## WHAT IS BEING ASKED
Without the pictures, write out all the lines below exactly as they appear.

## DATA EXCERPT
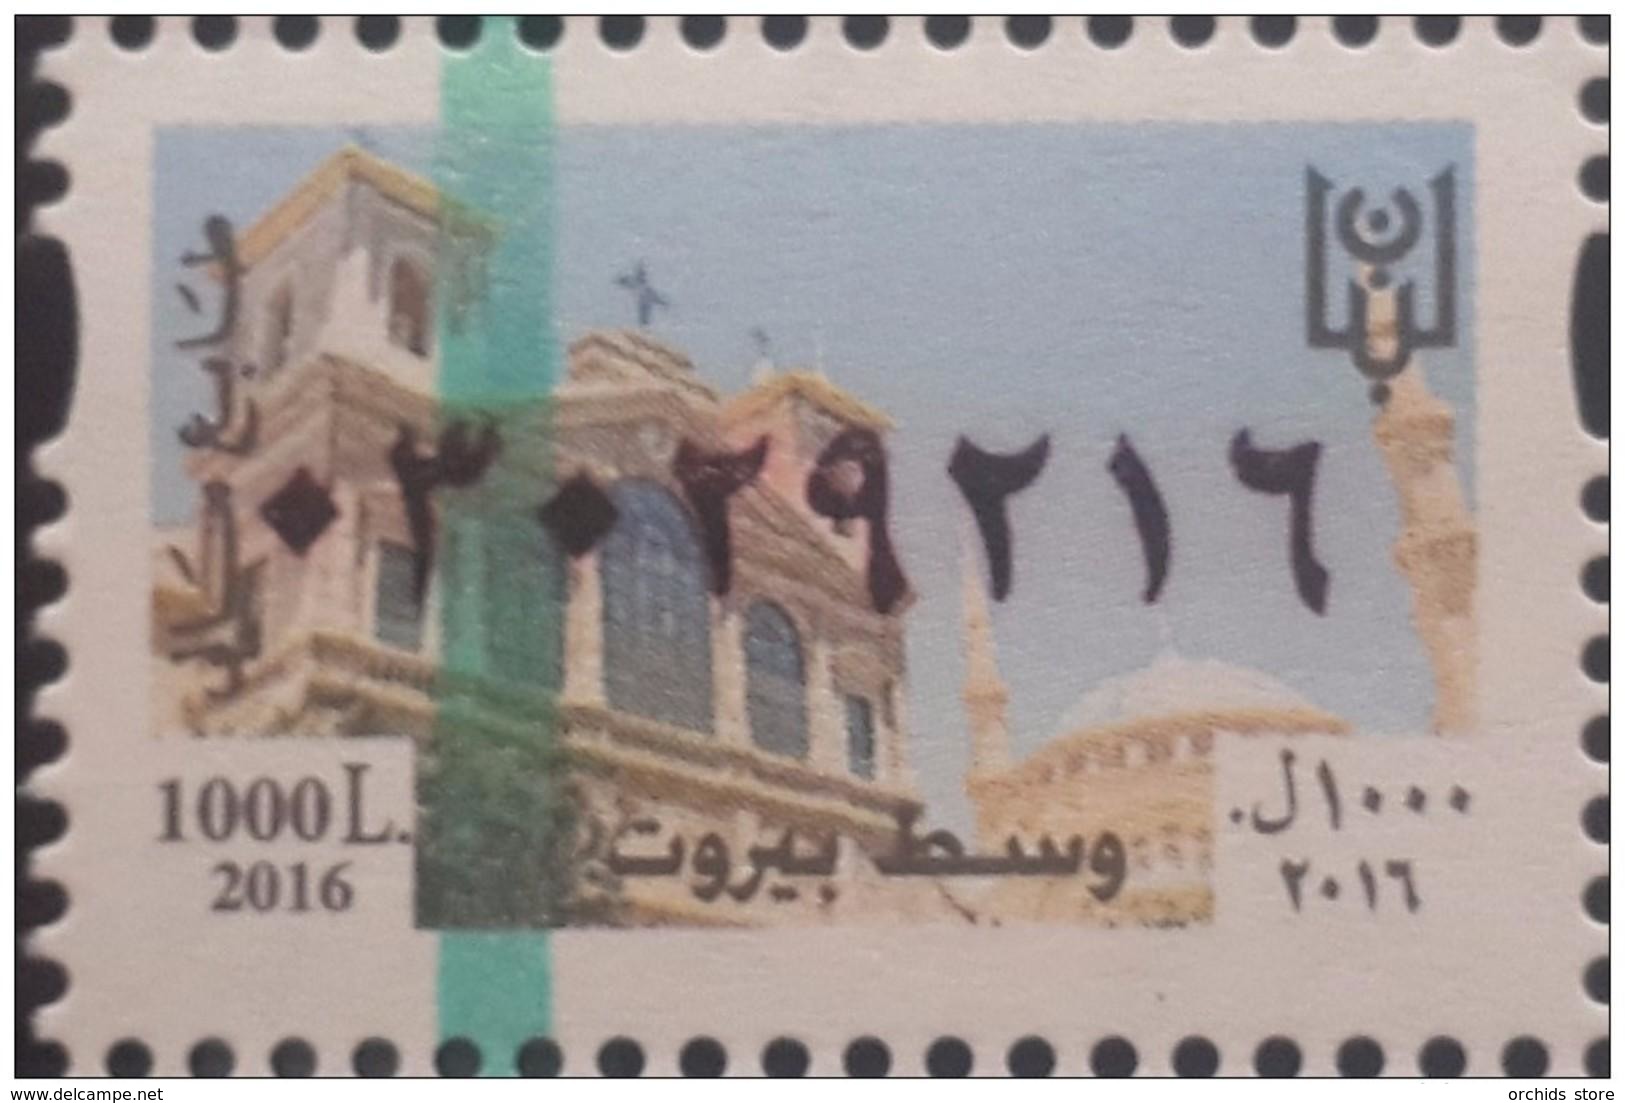 Lebanon 2016 NEW MNH Fiscal Revenue Stamp - 1000L Beirut Center - St George Cathedral & Al Amine Mosque - Lebanon
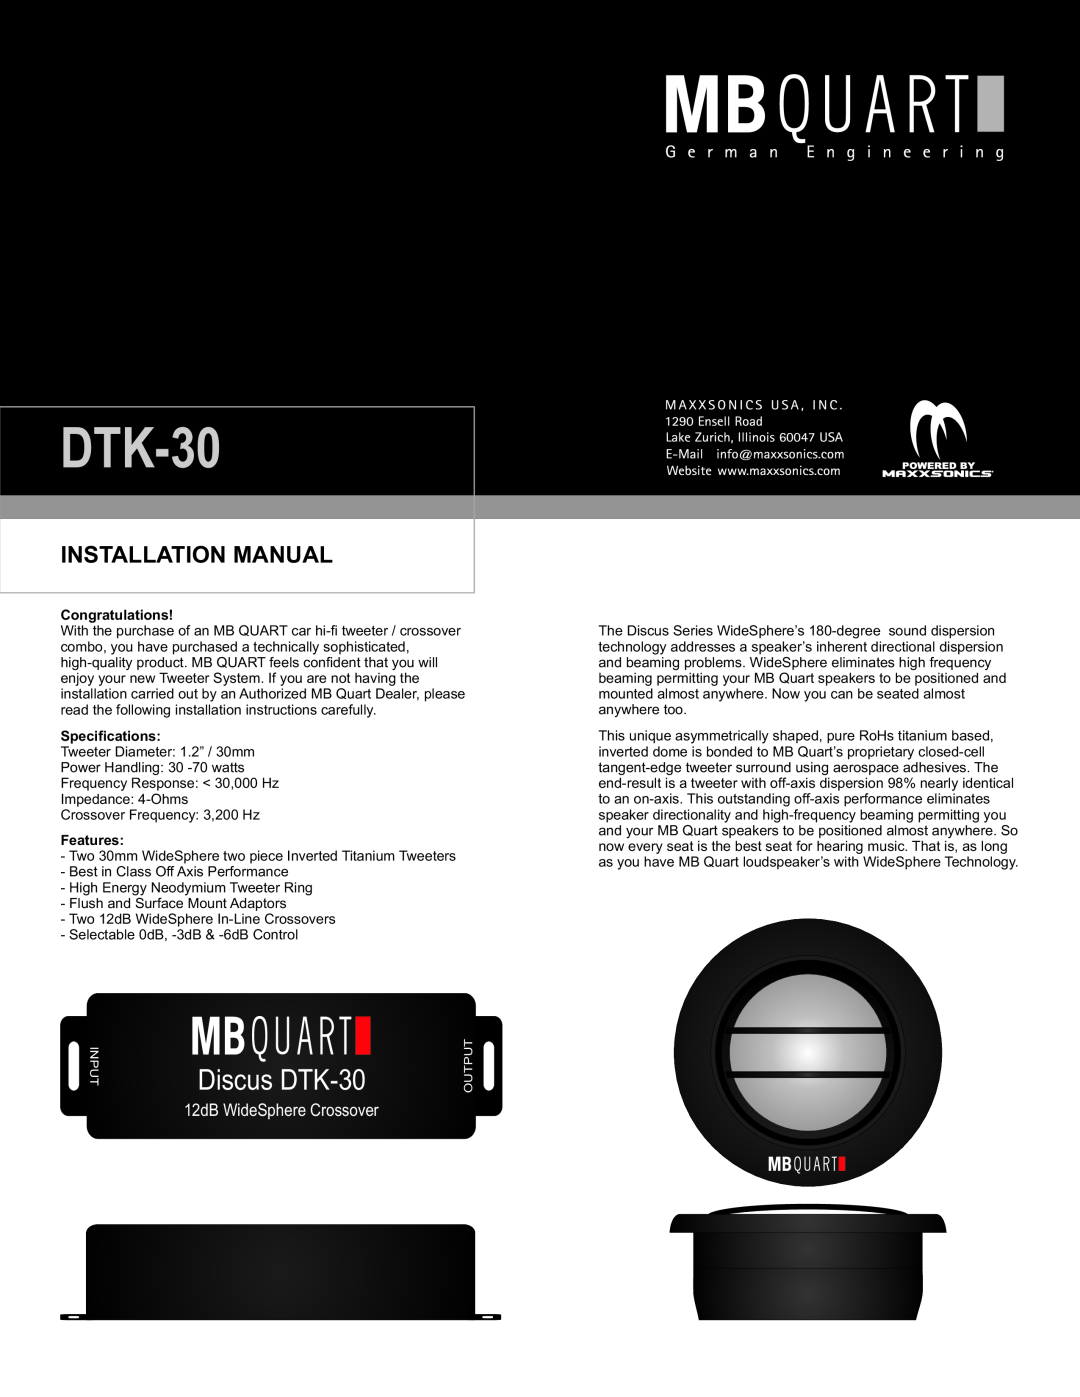 MB QUART installation manual Installation Manual, Congratulations, Specifications, Features, Discus DTK-30 
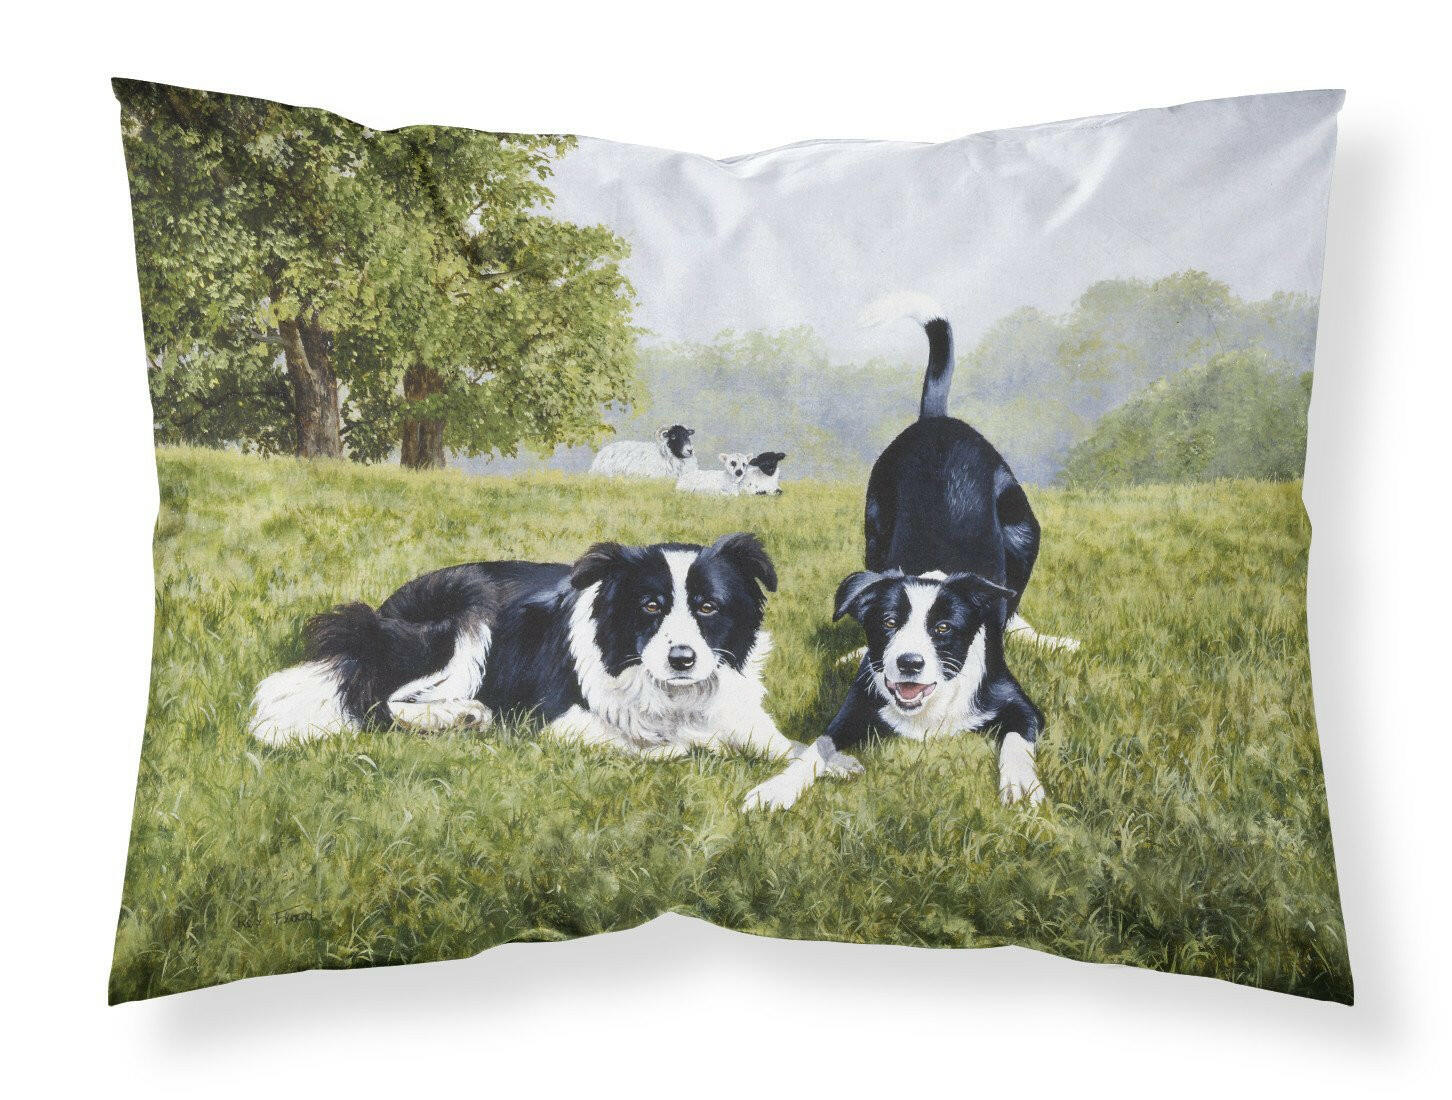 Let's Play Border Collie Fabric Standard Pillowcase FRF0014PILLOWCASE by Caroline's Treasures

## RESPONSE BELOW
 Lebanon 2016 NEW MNH Fiscal Revenue Stamp - 1000L Beirut Center - St George Cathedral & Al Amine Mosque - Lebanon
 MB QUART installation manual Installation Manual, Congratulations, Specifications, Features, Discus DTK-30 
 Let's Play Border Collie Fabric Standard Pillowcase FRF0014PILLOWCASE by Caroline's Treasures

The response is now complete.